Early childhood educators carry something profound in their daily work, the knowledge that the early years are the foundation of life. The relationships children form, the environments they grow up in, and the care they receive in those first years shape who they become, and in turn, where we are headed as a society.
Child Honouring offers a framework for putting that understanding into everyday practice. The Child Honouring Covenant was developed by beloved children’s troubadour and child advocate Raffi Cavoukian and is rooted in the belief that designing society for the greatest good begins with meeting the priority needs of the very young. Child Honouring affirms that all children are created whole, born with innate intelligence, with dignity and wonder, and worthy of respect. Every child is entitled to love, to dream, and to belong to a loving community.
The Nine Principles
For Early Childhood Educators, the principles of Child Honouring offer something rare, a framework that names what so many in this field already feel to be true, and gives it shape.
At the heart of everything is the principle of Respectful Love. It means seeing each child as a whole person, a legitimate being with their own voice, their own wisdom, their own way of being in the world. When children experience this kind of love, from caregivers, educators, and the wider community, it becomes fundamental in their development. It builds self-worth. It makes everything else possible.
From that foundation, the principles ripple outward. Nonviolence asks us to ensure there is no physical harm, but also to go beyond this to something active, living with compassion in our homes, our classrooms, and our communities. Emotional Intelligence reminds us that the early years are a time for exploring feelings in a safe setting, and that self-regulation, cooperation, play, and creativity matter more to a child’s long-term flourishing than any academic measure. When children feel loved, when they grow up free from violence, and when they have emotional intelligence modelled for them, they are more able to learn and more able to show compassion for others.
Safe Environments are the soil in which all of this grows. Young children need to feel secure and to belong. They need protection from neglect, from overstimulation, from the commercial forces that seek to shape their minds before they have the tools to understand what is happening. ECEs are often the ones holding that protective space, and Child Honouring affirms the profound importance of that role.
The principles also honour the richness children bring into our care. Diversity, in all its forms, is understood as abundance: a wealth of cultures, intelligences, ways of being human, and ways of experiencing the natural world. Introducing children to human and ecological diversity builds on their innate curiosity and teaches us all to delight in our differences.
And then the framework asks us to look even further, to the Caring Community required to raise a child well, to the Sustainability of the world those children will inherit, to the systems of Ethical Commerce that will shape their futures. And Conscious Parenting and Caregiving, the kind that requires caregivers and educators to reflect on their own upbringing, to practice their own emotional regulation, and to ensure they are caring for themselves as they care for little ones. It is something that can be taught, practiced, and shared, and it is a skill and a gift, passed from one generation to the next.
Taken together, these nine principles are not a checklist, but instead a way of seeing the possibilities that exist in the Child Honouring approach.
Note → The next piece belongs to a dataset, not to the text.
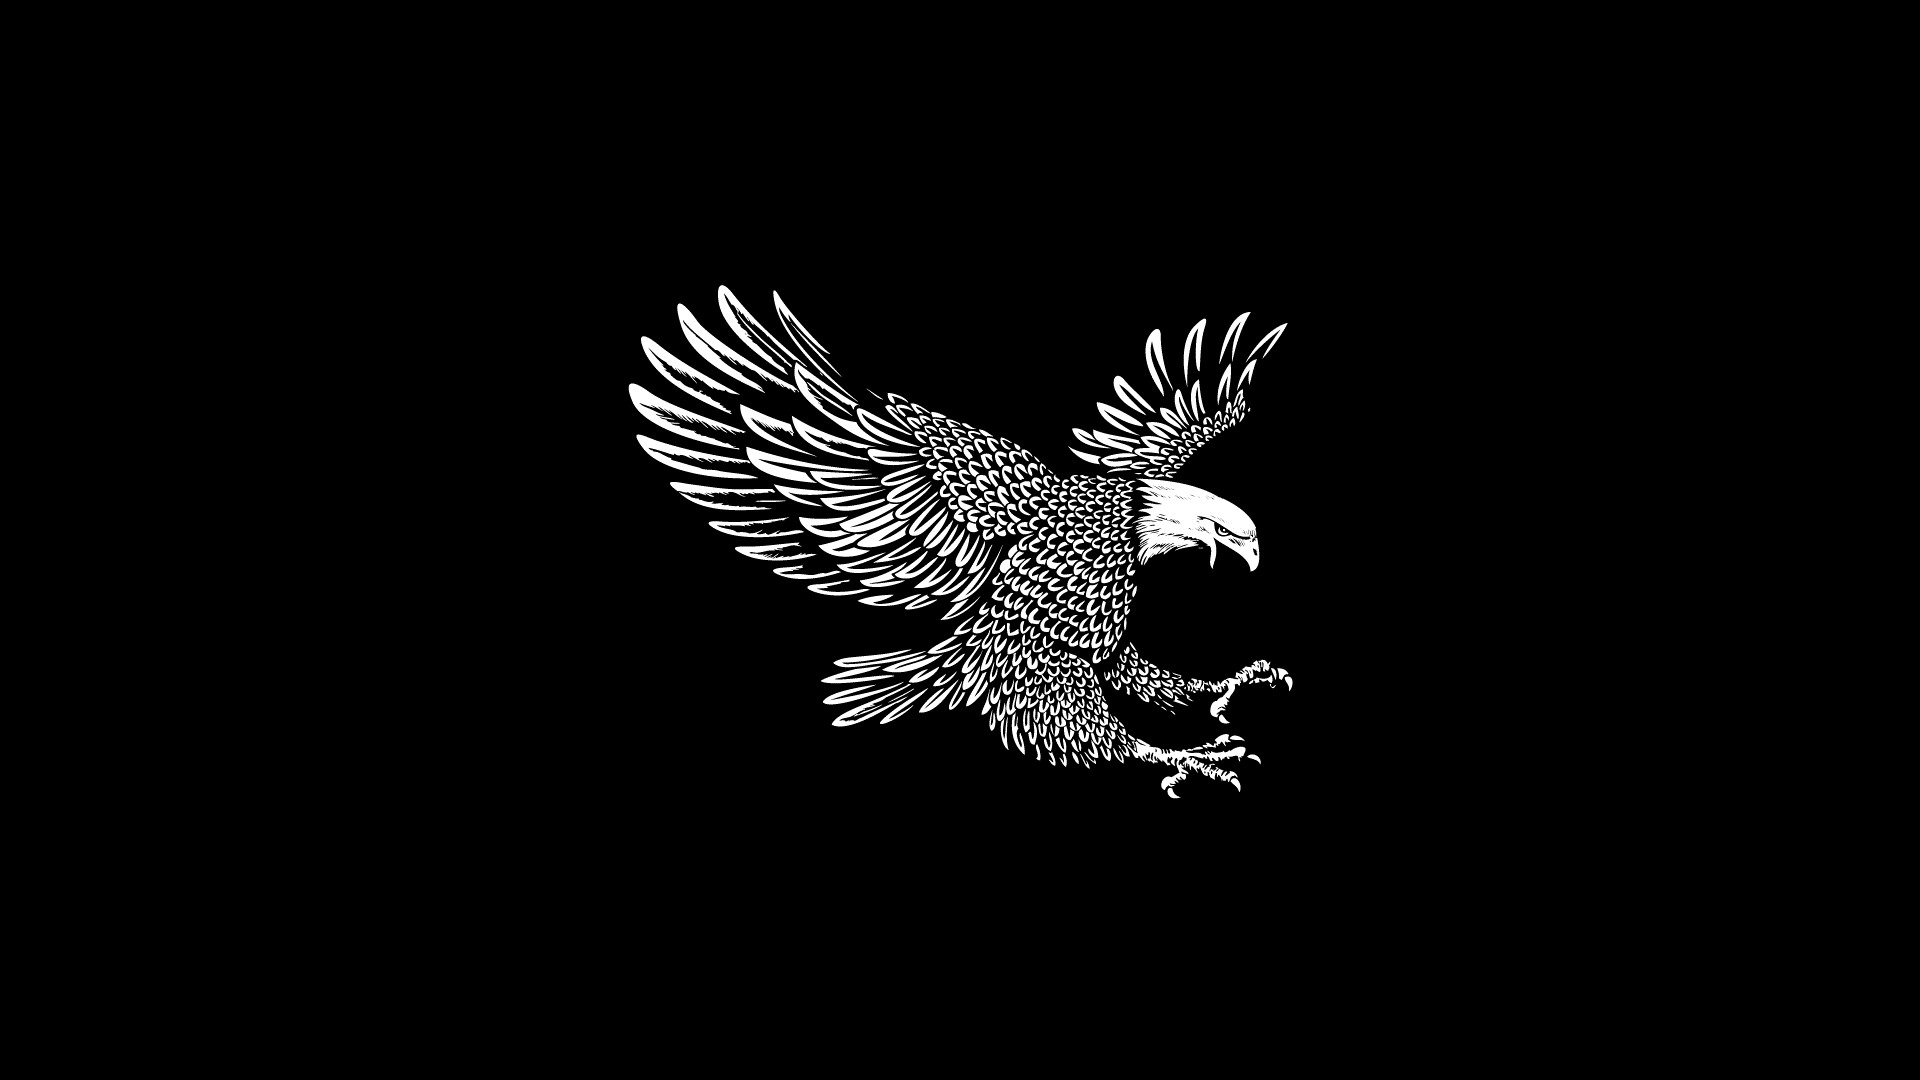 Eagle hd wallpapers, hd images, backgrounds

A Framework That Supports the Whole Educator
For ECEs, these principles are not abstract ideals. They are a daily practice and a source of meaning. What happens in the early years shapes the kind of world we are building together. The educator who greets a child at the door, who responds with patience to a moment of overwhelm, who creates space for play and creativity and belonging, is doing work that matters far beyond the walls of any classroom or childcare space.
Child Honouring also expands the lens outward, from child and family, to community and planet. This wider view is one of its most sustaining gifts for educators. It locates the daily work of early childhood education within a much larger story. Early Childhood Educators are involved in the project of building a more just, more peaceful, more loving world. On days when the work is exhausting, when the systems feel inadequate, when the weight of what children carry into our care is heavy, that larger sense of purpose can be a genuine source of grounding. Child Honouring reminds ECEs that they are not simply managing behaviour or meeting developmental milestones. They are, in the truest sense, helping to shape the future. That is not a small thing. It is, as Raffi has long insisted, the most important work there is.
Learn More with the Raffi Foundation
The Raffi Foundation for Child Honouring offers an 18-hour evidence-based online course that guides educators, parents, and community members through the Nine Principles, with practical tools and “take action” segments in every module, empowering educators to be effective changemakers with real tools that make a lasting impact. The course is self-paced, accessible on any device, and designed for busy people. The Raffi Foundation also offers workshops and webinars for organizations, teams, and communities interested in learning more about Child Honouring.
CCCF members receive a 40% discount on the course as part of our partnership with the Raffi Foundation. To learn more, visit www.raffifoundation.org or reach out at admin@raffifoundation.org.
Together, We Honour Children
Child Honouring is ultimately an invitation to give children the experience of being seen and loved for who they are, to build the communities they deserve, and to recognize that in doing so, we are also becoming more fully ourselves. For early childhood educators, who have chosen a path of caring for the very young, this philosophy a way to deepen and ground the work you’re already doing. The Raffi Foundation is grateful to be in partnership with the Canadian Child Care Federation in bringing this work to the ECE community across Canada.